The Magnetic Fields - Distortion
(Nonesuch, 2008)
3 out of 10
The "3" is for "Three-Way," the opening track on Distortion, the Magnetic Fields' eighth album and by far the worst album to which Stephin Merritt has ever put this project name, or any of his names. "Three-Way" is also the only song on the tracklist that doesn't offend me; it is an instrumental, and has a sort of decent joke-surf-rock idea behind it. To go on at lengths about Distortion would be for me to merely quote lyrics from songs that I find particularly insufferable, or stress how I don't enjoy the milk-sludge timbre of Shirley Simms's voice (who sings lead on half of the tunes, with Merritt's baritone on the rest), especially set to these chunks of "pop song," these tin cans of petrified bubblegum, pre-chewed by Phil Spector and John Cale yet evoking nothing more strongly than Merritt's superior, past glories.
This reviewer loves the Magnetic Fields, whose 69 Love Songs is among my favorite albums. i, from 2004, appeared to be a partial misstep, the first album by the band since their debut that bowled an incomplete spare by contrast to the last decade's series of strikes. One could have hoped (one did hope) that the featured tendency for unmemorable songwriting on parts of i was short-lived. In fact Distortion is laden with songwriting that, when memorable, is only so because it is induces cringes. "California Girls": does it get more clever than the refrain, "I hate California girls"? No, it does not. "Zombie Boy": does it get more clever than the title? No, it does not. "The Nun's Litany": it's a list of not-nunlike things that a nun wants! Do not get me started on "Too Drunk to Dream," the only song in Stephin Merritt's formidable - formidable - catalog of released songs that makes me truly angry to hear. (Well, okay - I also get incensed at "Zombie Boy.")
Why do I, a supporter and even sometimes fanatic of Merritt's work, find so much objectionable about Distortion? Why don't I find 69 Love Songs this condescending, this wrong-headed? It's a thin line, a line of cliche, cleverness, straightforward tunes (with just a tweak now and then) and experimental arrangements - those precious qualities of post-modern pop. Merritt has almost always danced on the correct side of the line; where he might have faltered on 69 Love Songs, for instance, he flourishes with ambition, taste, and just enough cheekiness. With Distortion, he accidentally trips over the line and falls down splayed across the entire other, wrong side.

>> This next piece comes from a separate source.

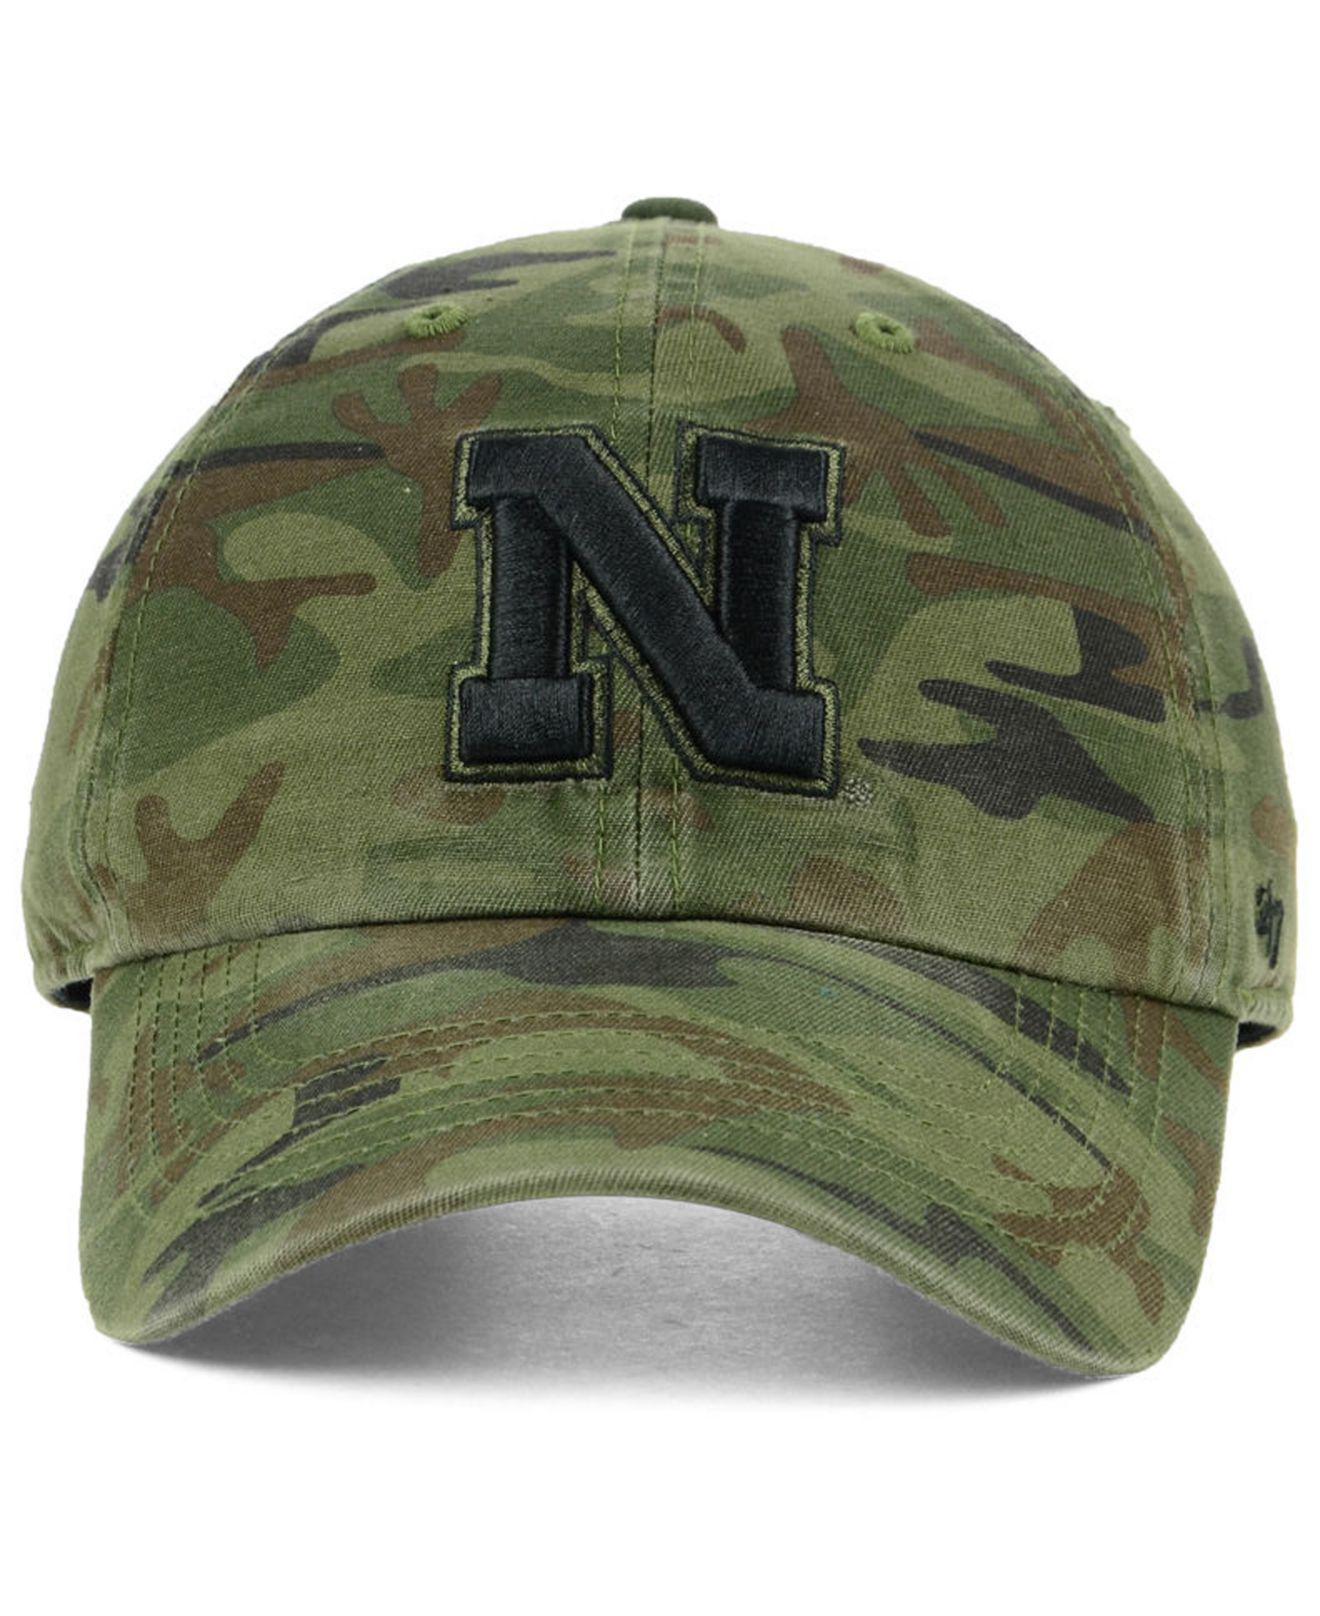 98ee6423303 ... best price lyst 47 brand nebraska cornhuskers regiment clean up  strapback cap in green for men

The record is near-impossible to listen to all the way through; the sound halfway approaches a noise album but tempers the ferocity of one by being based on cabaret songs in the style with which your grandmother might embarrass you. The execution of the concept is as unlikable as it could be, and for me to be focusing on the lyrics as much as I have been is almost itself an indictment of how uninspiring the tunes and walls-of-sound behind them are. He has attempted to sonically crib from what he calls "the last significant event in pop music production," the Jesus & Mary Chain's Psychocandy. The incorrect shortsightedness of his statement, something he has inexplicably been saying for years despite seeming to have a general open-mindedness, has finally caught up to his method; his freshness has therefore temporarily expired. If, as Merritt sings on "Too Drunk to Dream," "sober, it's ever darker," while "shitfaced, the moon is nearer," then I call this Merritt's hangover album.
For the delight of inebriation under the influence of the Magnetic Fields, look at The House of Tomorrow EP or Holiday; these, at least, are albums that go for a similar bubblegum flavor to Distortion's but instead pass my line-crossing test with flying colors.
-Spencer Owen





Well said! I love this part best:
It's a thin line, a line of cliche, cleverness, straightforward tunes (with just a tweak now and then) and experimental arrangements - those precious qualities of post-modern pop. Merritt has almost always danced on the correct side of the line; where he might have faltered on 69 Love Songs, for instance, he flourishes with ambition, taste, and just enough cheekiness. With Distortion, he accidentally trips over the line and falls down splayed across the entire other, wrong side.
I'm surprised Christgau's review for NPR was positive? I trust yours' much more. Wonderful review.
A THREE ? Yikes... I don't think this album was THAT bad.
I'm still SUPER excited to see them.